2.2.2. A remuneração dos gestores

2.2.2.2. A utilização de medidas de desempenho nos planos de remuneração

Como anteriormente referido, o sistema de remuneração dos gestores compreende normalmente uma componente base e uma componente de incentivos. Os planos de remuneração que incorporam componentes baseados em medidas de desempenho são geralmente concebidos de forma a alinhar os interesses dos gestores e dos accionistas. As medidas de desempenho podem ser financeiras (por exemplo, o resultado contabilístico) ou não financeiras (por exemplo, uma medida de desempenho individual).

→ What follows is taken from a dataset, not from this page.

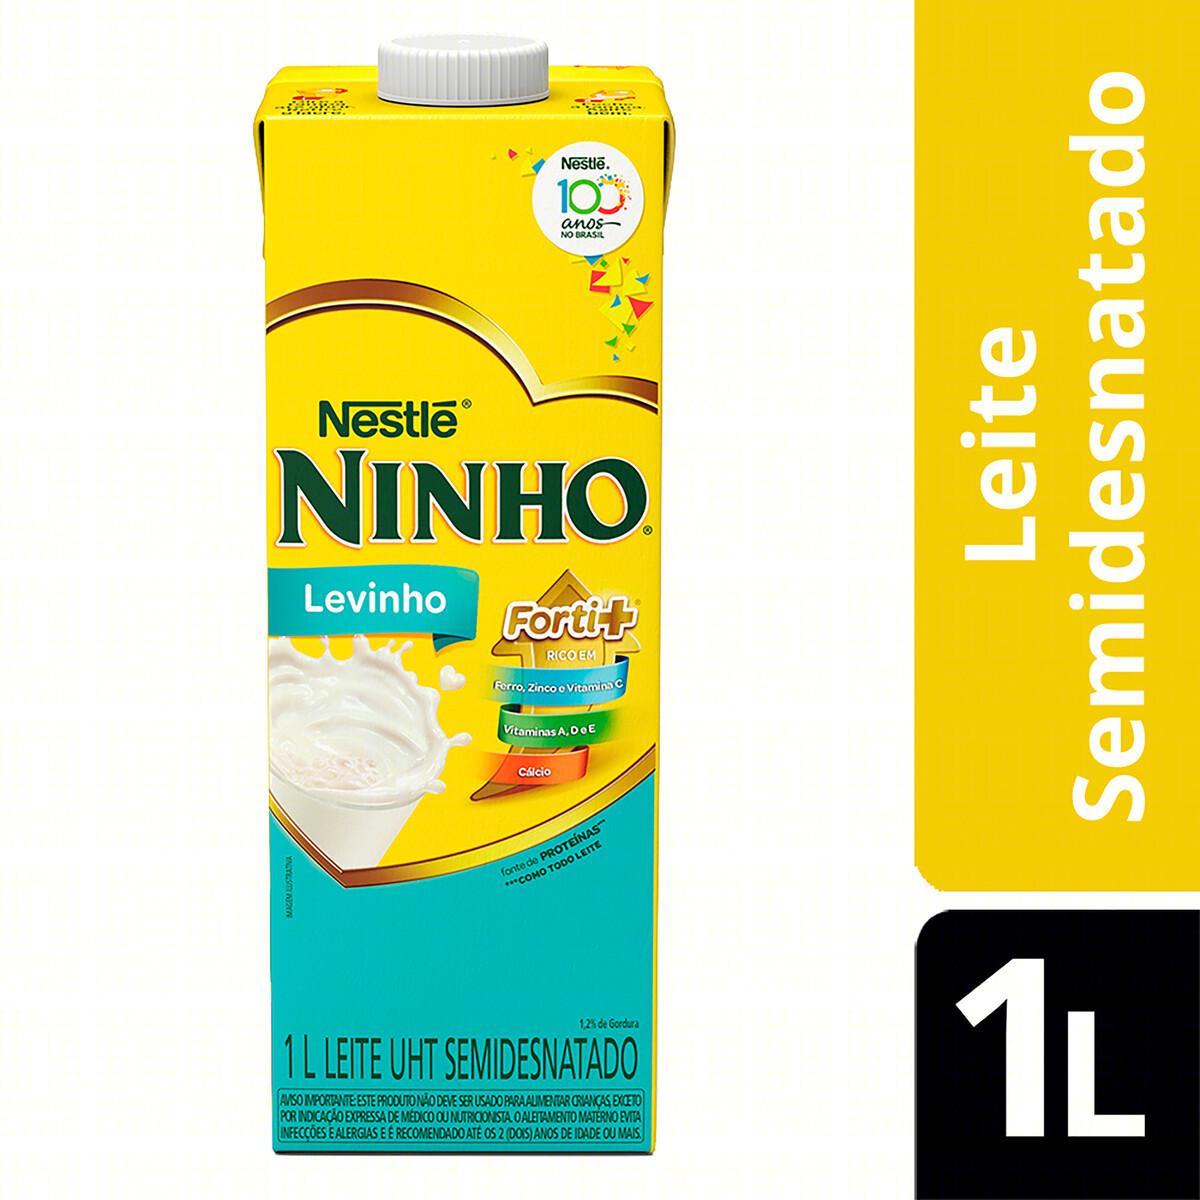 LEITE SEMI DESNATADO NINHO 1LT LEVINHO

Numa perspectiva de criação de valor para os accionistas, as medidas de desempenho podem ser baseadas em valores de mercado (normalmente o preço de mercado das acções) ou contabilísticos (geralmente o resultado contabilístico). Os factores determinantes destas medidas de desempenho assumem um papel importante sob o ponto de vista de utilização das mesmas nos sistemas de remuneração. De facto, os determinantes da cotação das acções e os critérios utilizados na preparação da informação contabilística proporcionarão um grau de informação diferente sobre a actuação dos gestores. Neste sentido, a parte atribuída a cada uma das diversas medidas de desempenho da empresa no plano de remuneração deve depender da qualidade da informação que as mesmas proporcionam acerca das acções dos gestores (Lambert e Larcker, 1987).

O desempenho das acções no mercado é uma variável que proporciona informação sobre a actuação dos gestores (uma vez que incorpora informação sobre as alterações na situação económica da empresa que estão associadas com acontecimentos passados e actuais), mas também incorpora factores que não dependem da actuação dos gestores. Por sua vez a informação financeira é considerada como uma medida histórica que fornece informação sobre a actuação passada dos gestores, pois permite, entre outros, determinar "the value-added contributed by the manager" (Paul, 1992, p. 496).

Ambas as medidas de desempenho (de mercado ou contabilístico) representam uma variação no valor da empresa. Todavia, as variações na riqueza dos accionistas que ambas as medidas de desempenho representam são determinadas, respectivamente, pelas expectativas do mercado ou pela variação da situação patrimonial da empresa face aos princípios contabilísticos utilizados na preparação da informação financeira. A

normalização contabilística e os incentivos aos gestores condicionarão os resultados, bem como a valorização dos diversos elementos que integram o balanço. Já a cotação das acções dependerá das expectativas do mercado relativamente ao valor actualizado de todos os resultados futuros da empresa.

Adicionalmente e atendendo ao processo de obtenção dos valores de mercado ou contabilísticos, o risco que ambas as medidas incorporam nos sistemas de remuneração é consideravelmente distinto e é também afectado em diferente grau por factores alheios à evolução da empresa.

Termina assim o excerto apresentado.